Aim of the exercise:
What you give back must match the data exactly, minus the pictures.

Supplied data:
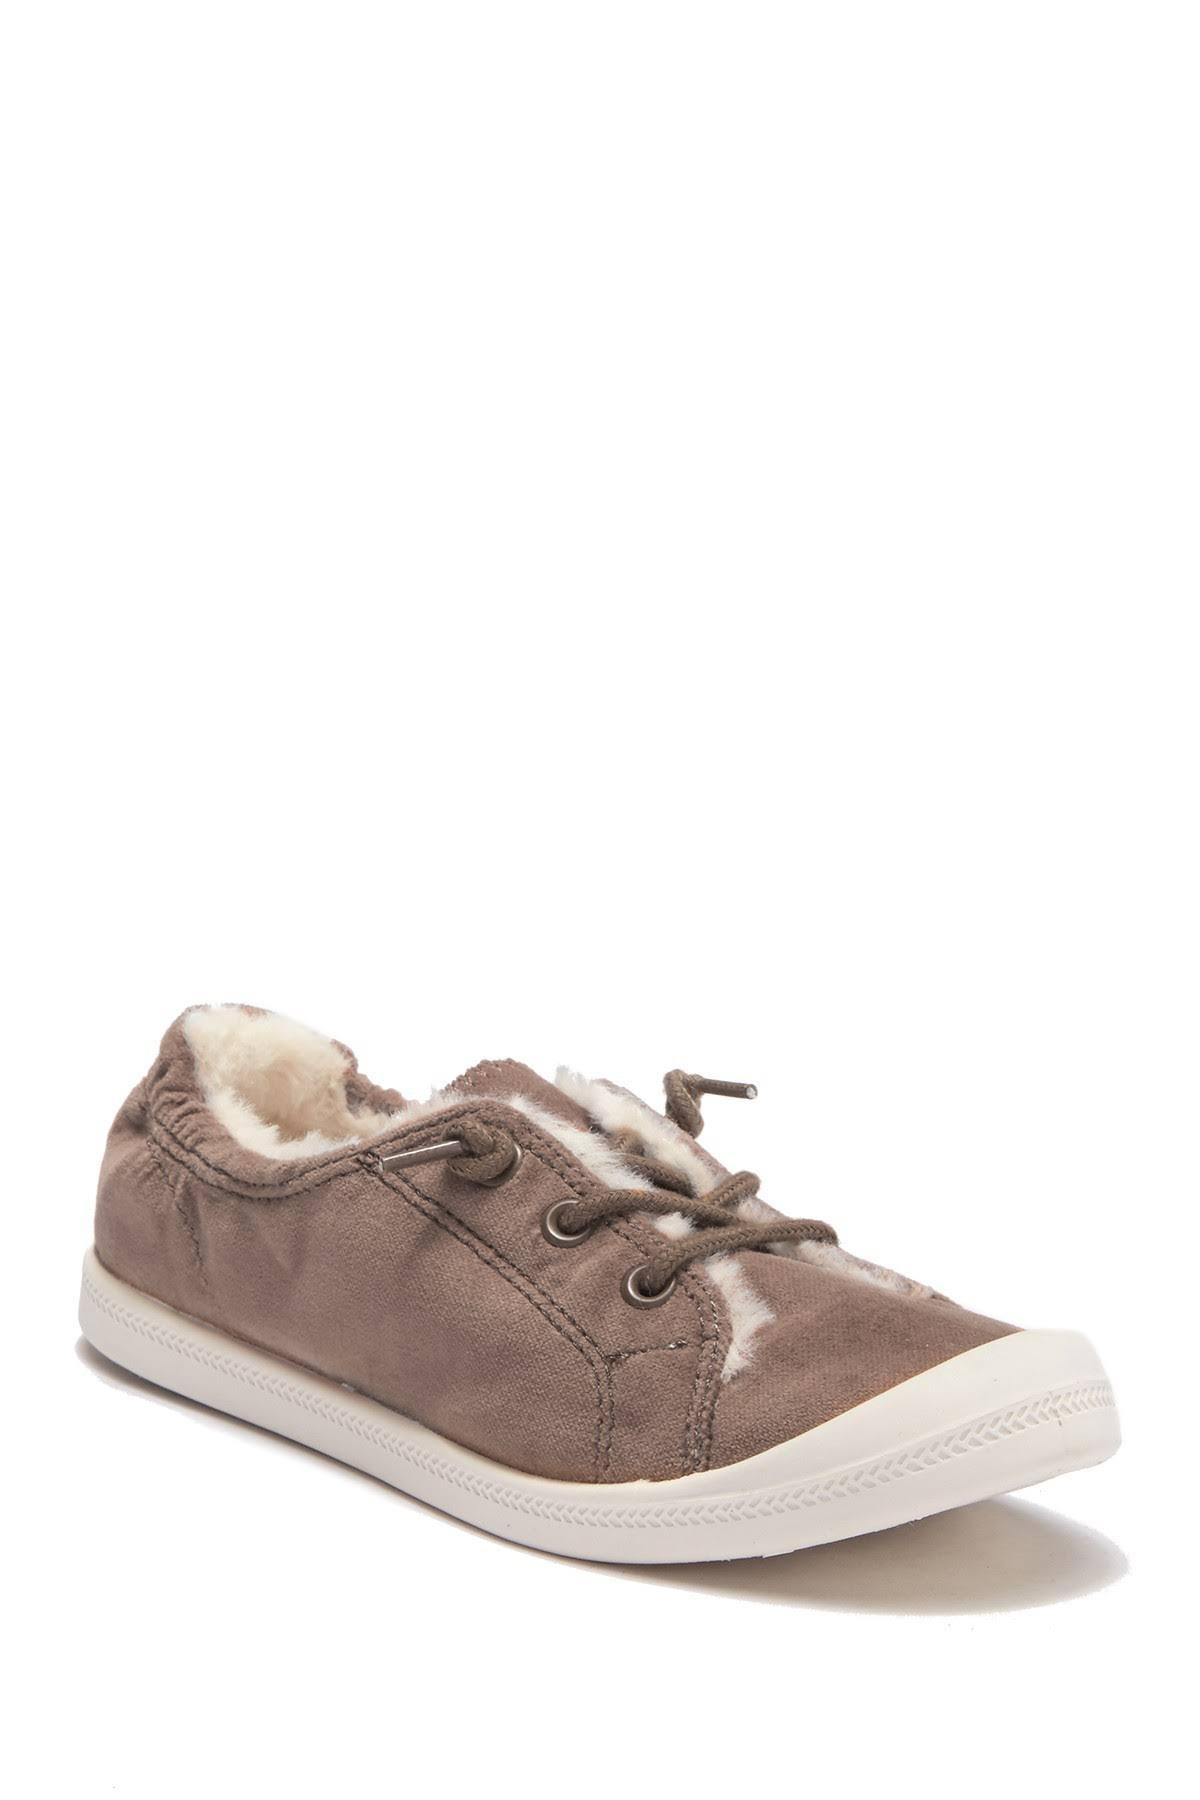 Rackdamesschoenen sneakers Top Velv Girl Nordstrom Brette 5m bij Low gevoerde sneaker nepbont Madden Taupe 8XnZOPNw0k
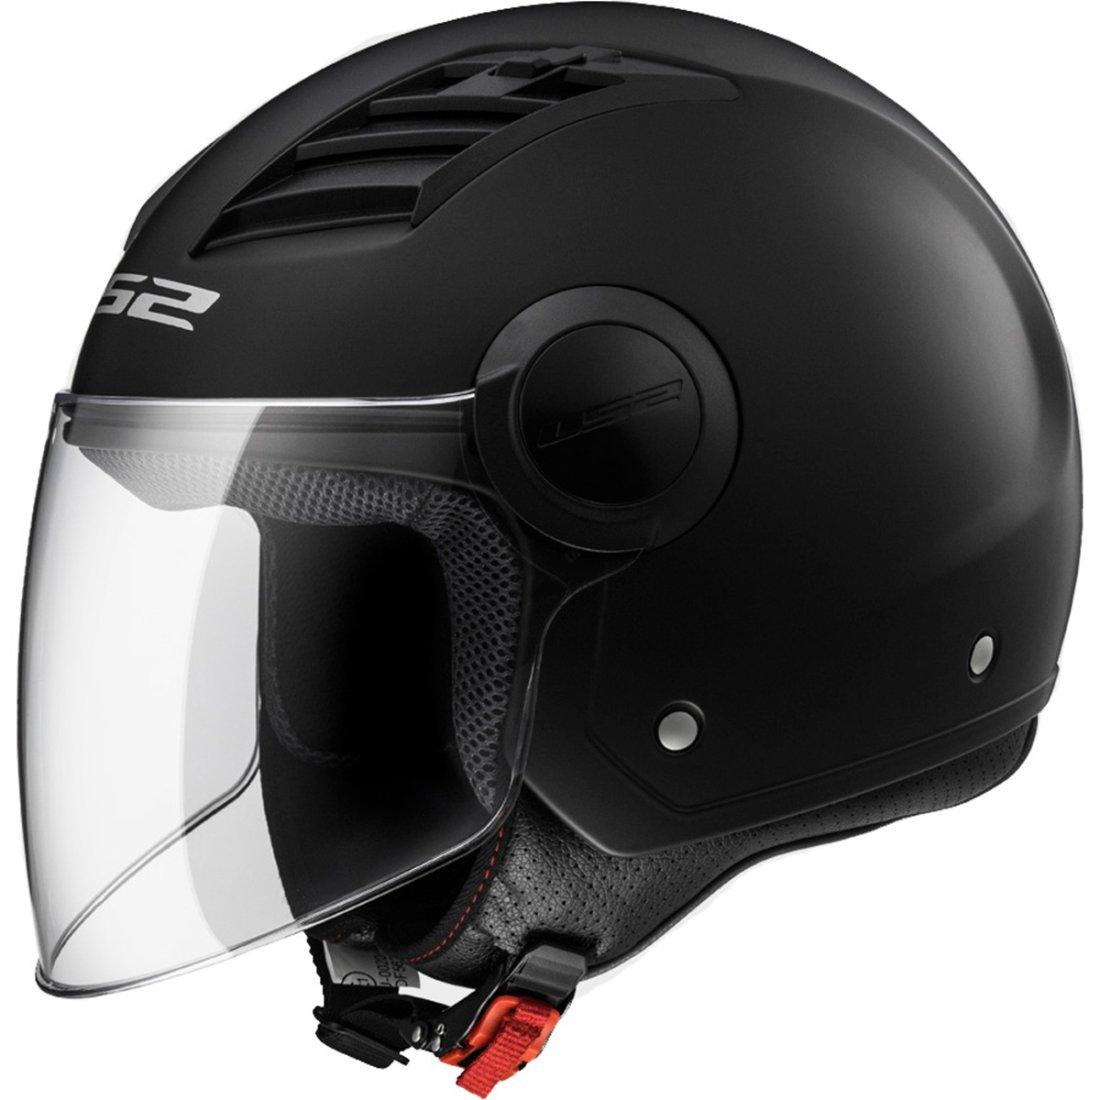 Ls2 Airflow Açık Motosiklet Kaskı
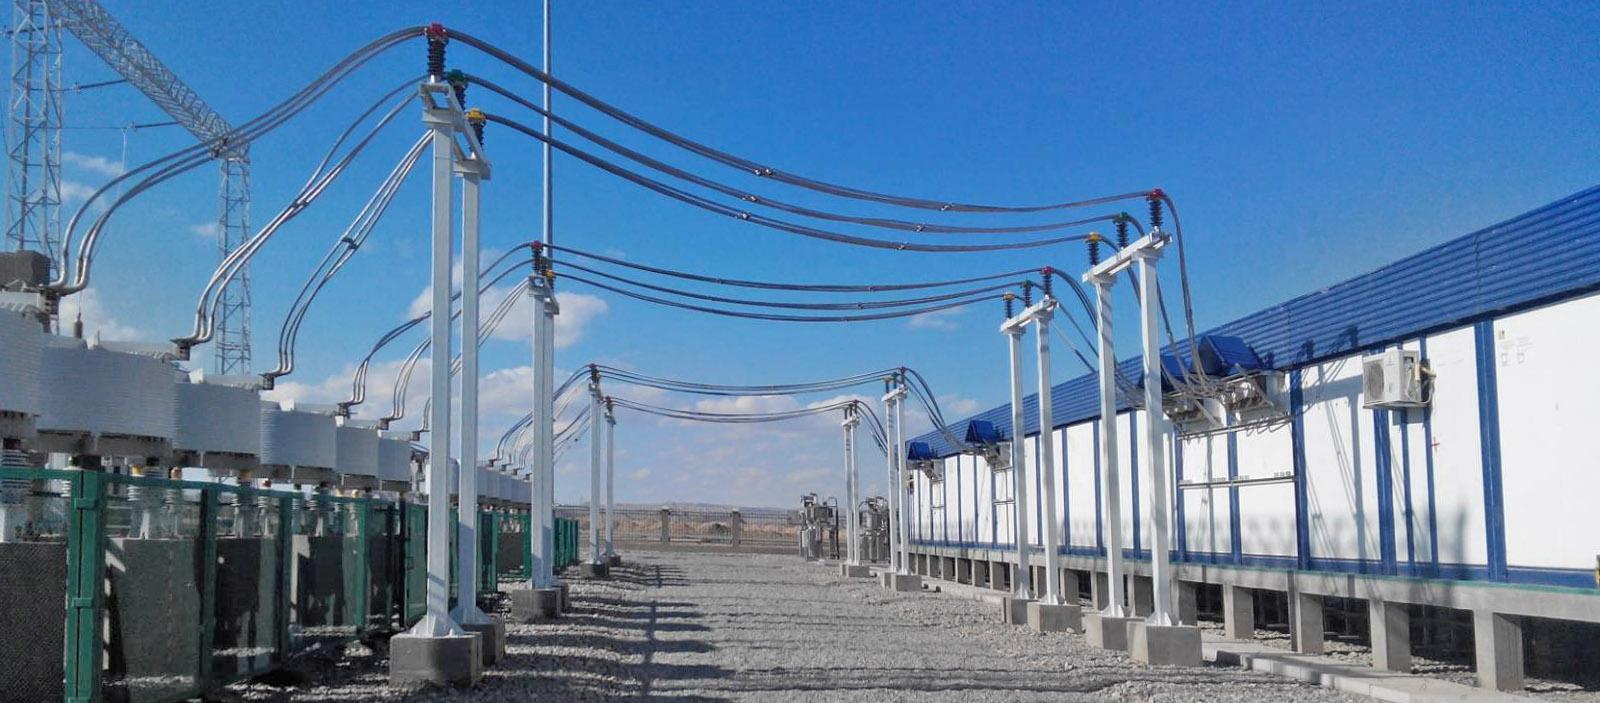 energy pn2 - Объекты электроэнергетики
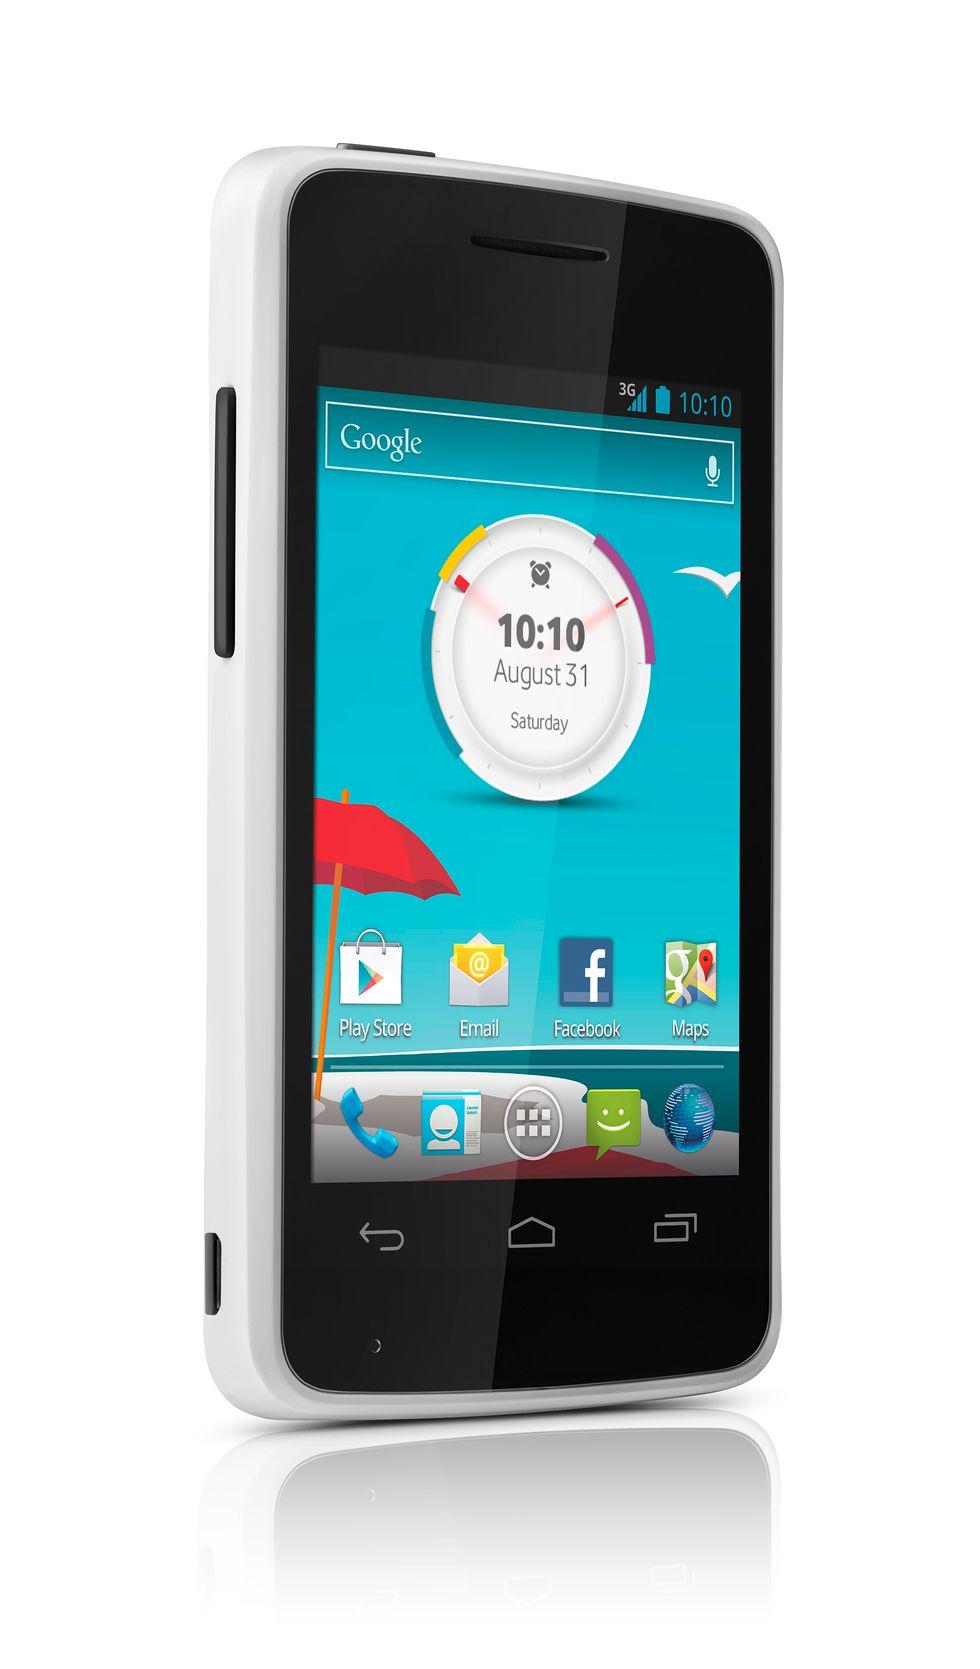 Vodafone Smart Mini: come fa uno smartphone a costare solo 59 euro?

Response:
 Rackdamesschoenen sneakers Top Velv Girl Nordstrom Brette 5m bij Low gevoerde sneaker nepbont Madden Taupe 8XnZOPNw0k
 Ls2 Airflow Açık Motosiklet Kaskı
 energy pn2 - Объекты электроэнергетики
 Vodafone Smart Mini: come fa uno smartphone a costare solo 59 euro?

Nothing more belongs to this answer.